The role of C3 in recombinant adenovirus (rAd) vector-induced ERK phosphorylation and IκBα degradation. Wild-type C57BL/6 and C3-KO mice were injected intravenously with rAd5-LacZ (1.5 × 10¹¹ viral particles per mouse). Livers were collected at the indicated time points, snap-frozen and lysates extracted as described in the Materials and methods section. (a) IκBα and tubulin; (b) p-ERK1/2, ERK2 were determined by western blot analysis using LI-COR. Quantification was performed by normalizing the p-ERK1/2 levels to total ERK2 and IκBα levels to tubulin to control for loading (N = 3 for all time points). For each analysis, quantification is shown on the top, and a representative blot on the bottom. Bars represent mean ± s.d. A homoscedastic t-test was used to determine statistical differences between levels in C57BL/6 livers compared with levels in C3-KO mouse livers at each indicated time point (*P<0.05).

Figure 4

Ad neutralizing antibody titers are C3-dependent. C57BL/6, C3-KO, Factor B knockout (FB-KO) and C1q-KO mice were injected with 7.5 × 10¹⁰ viral particle (vp) per mouse of rAd5-GFP (N = 3 for recombinant adenovirus (rAd)-naive animals, N = 4 for all immunized animals). Plasma samples were isolated at 30 d.p.i. and analyzed for neutralizing antibodies using four successive dilutions of plasma (see Materials and methods).
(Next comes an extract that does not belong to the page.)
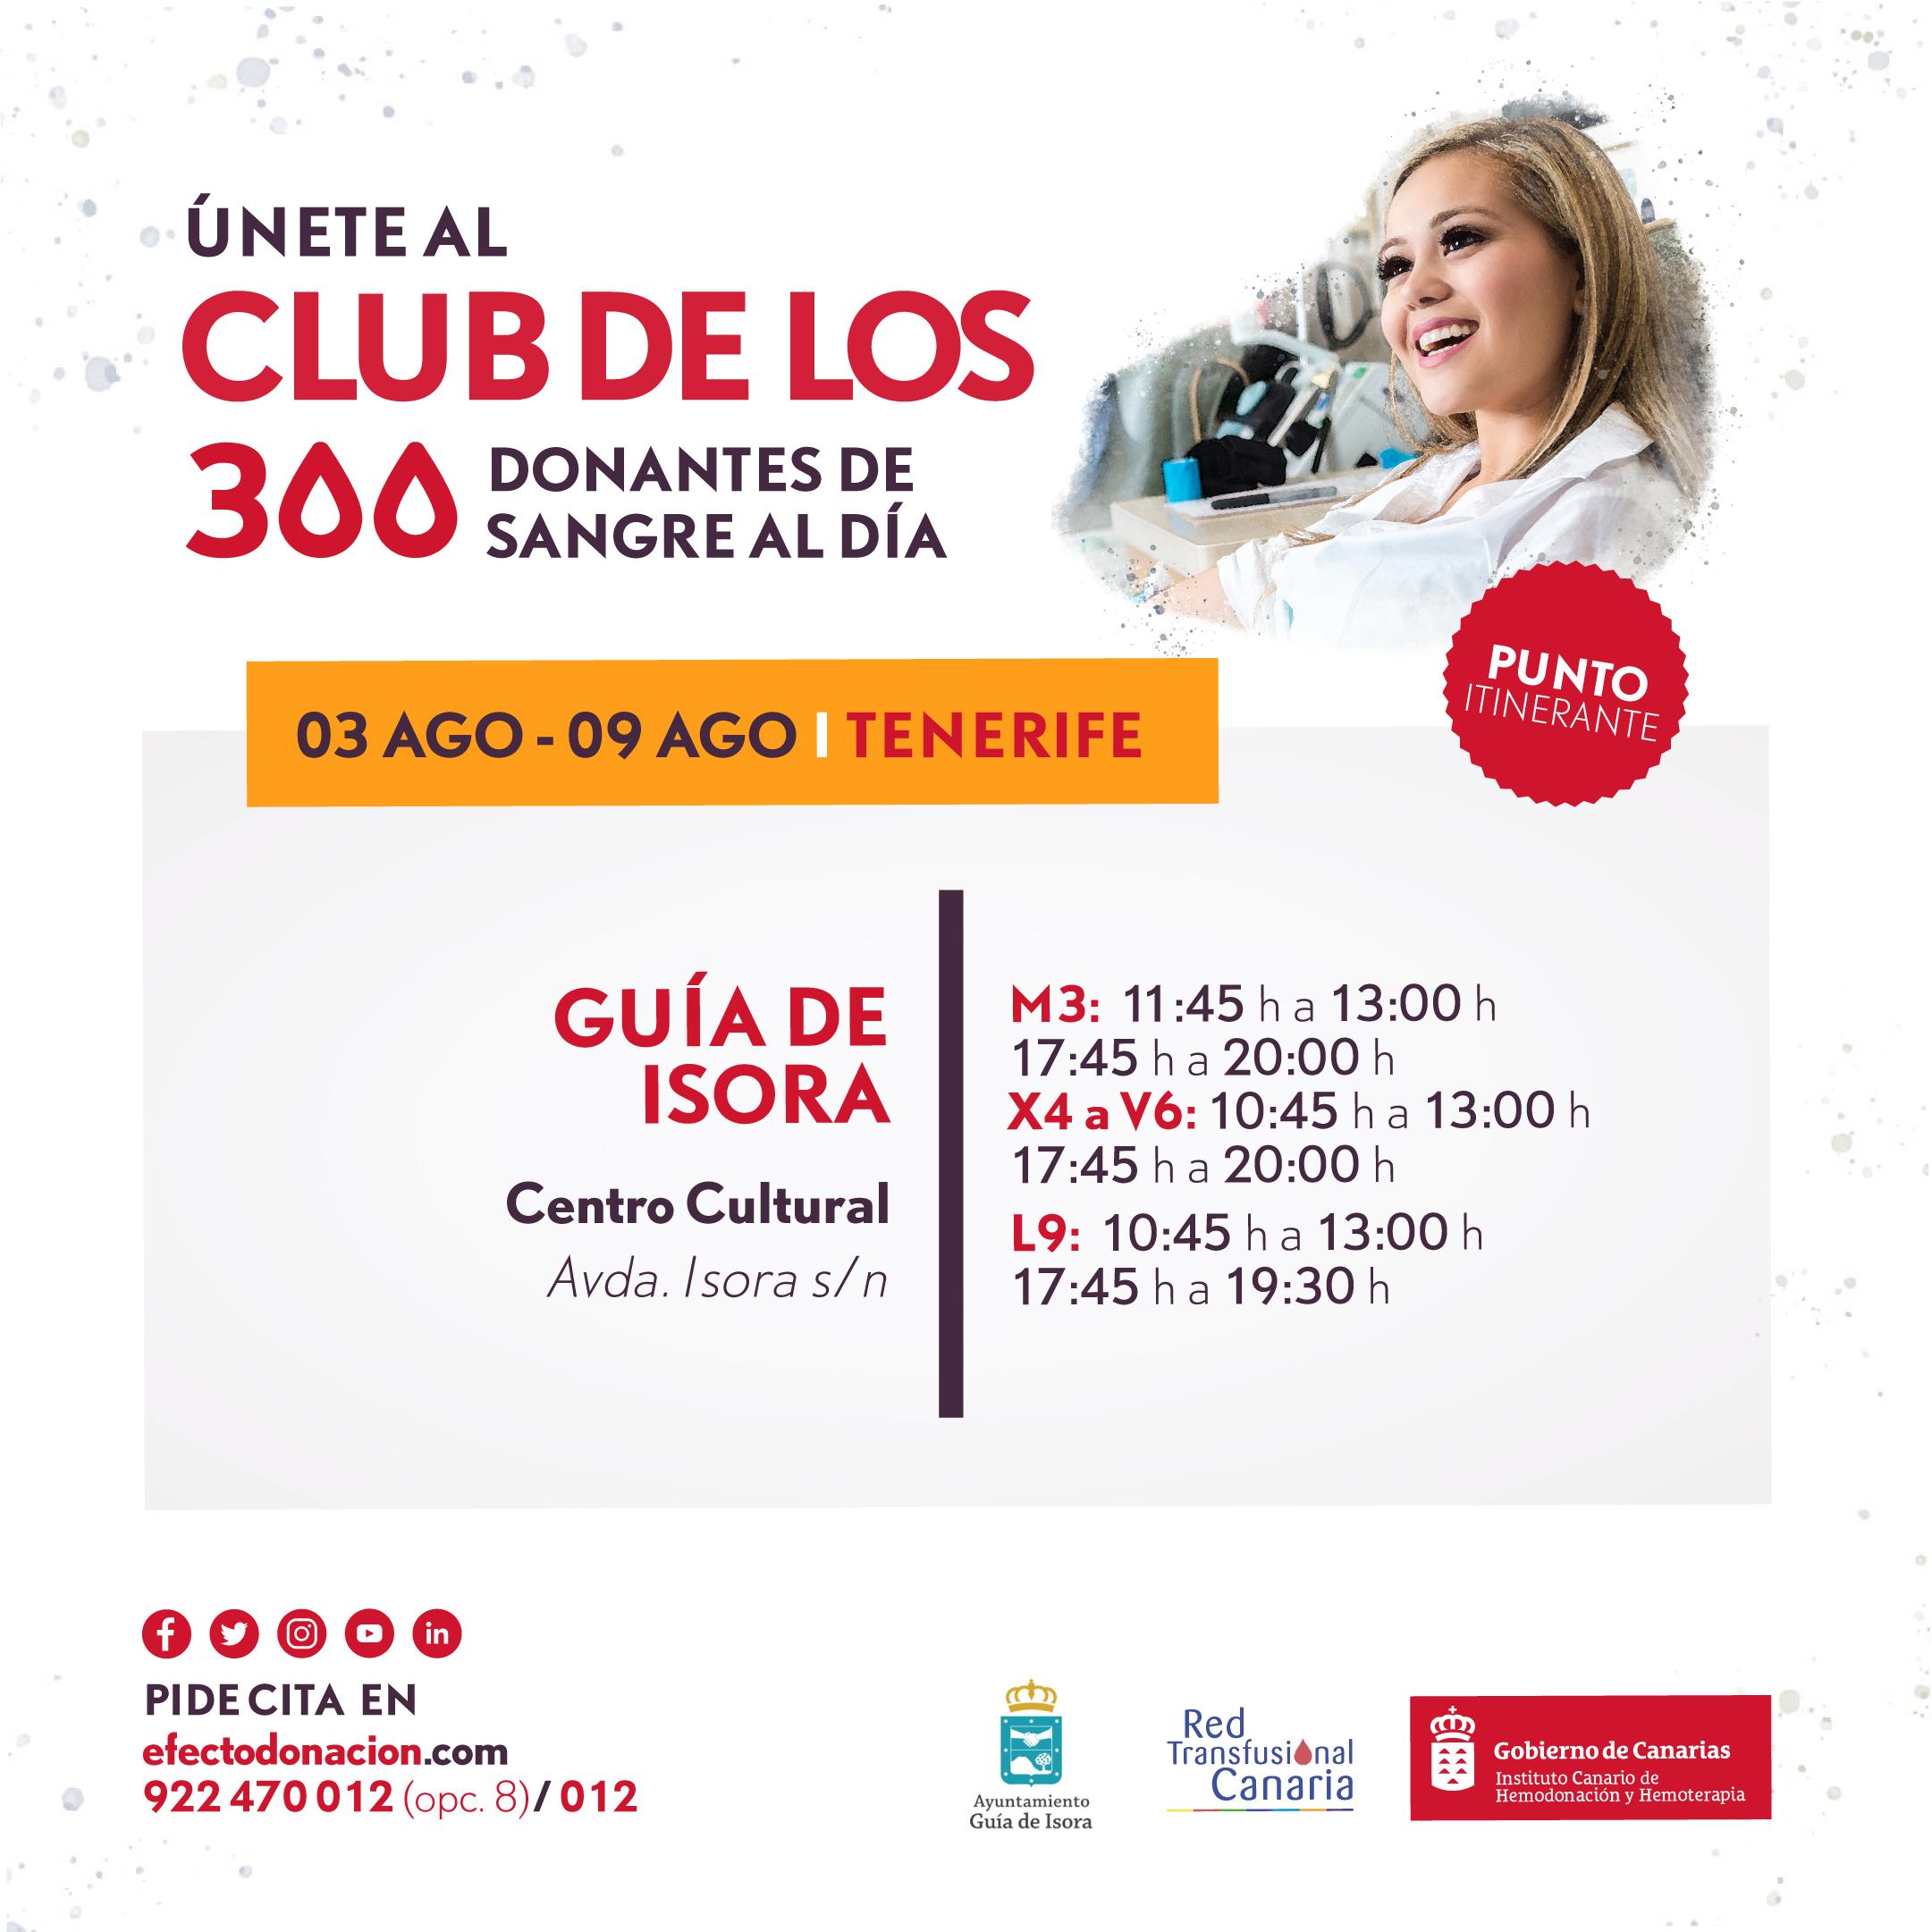 GUIA DE ISORA (1) (1)

Bars represent mean ± s.d. ‘**’ represents a statistical difference, as measured by a homoscedastic t-test, in neutralizing antibody titers found in plasma derived from C57BL/6 animals versus C3-KO animals (P<0.01).

Figure 5

Anti-recombinant adenovirus (rAd)-specific antibodies are dependent on both alternative pathway (AP) and classical pathway (CP) of complement. C57BL/6 (N = 3 naive and N = 7 immunized), C3-KO (N = 4 naive and N = 9 immunized), Factor B knockout (FB-KO) (N = 4 naive and N = 11 immunized) and C1q-KO (N = 3 naive and N = 5 immunized) mice were injected with 7.5 × 10¹⁰ viral particle (vp) per mouse of rAd5-GFP. (a) At 30 d.p.i., plasma was analyzed for anti-rAd capsid-specific total IgG antibodies at the appropriate dilution (1:800). Bars represent mean ± s.d. (b) Plasma was also analyzed for various IgG subclasses. Data points represent mean ± s.d. *P<0.05 and **P<0.01 indicate a statistical difference between C57BL/6 and each respective genotype. (c) The IgG2c/IgG1 ratio, indicative of a Th1/Th2 response, was calculated based on subclass titering.

Figure 6

Anti transgene (GFP)-specific antibodies are C3-dependent. C57BL/6 (N = 3 naive and N = 7 immunized), C3-KO (N = 4 naive and N = 9 immunized), Factor B knockout (FB-KO) (N = 4 naive and N = 11 immunized) and C1q-KO (N = 3 naive and N = 5 immunized) mice were injected with 7.5 × 10¹⁰ viral particle (vp) per mouse of rAd5-GFP. (a) At 30 d.p.i., plasma was analyzed for anti-GFP-specific total IgG antibodies at the appropriate dilution (1:800). Bars represent mean±s.d. (b) Plasma was also analyzed for various IgG subclasses. Data points represent mean±s.d. *P<0.05 and **P<0.01 indicate a statistical difference between C57BL/6 and each respective genotype. (c) The IgG2c/IgG1 ratio, indicative of a Th1/Th2 response, was calculated based on subclass titering.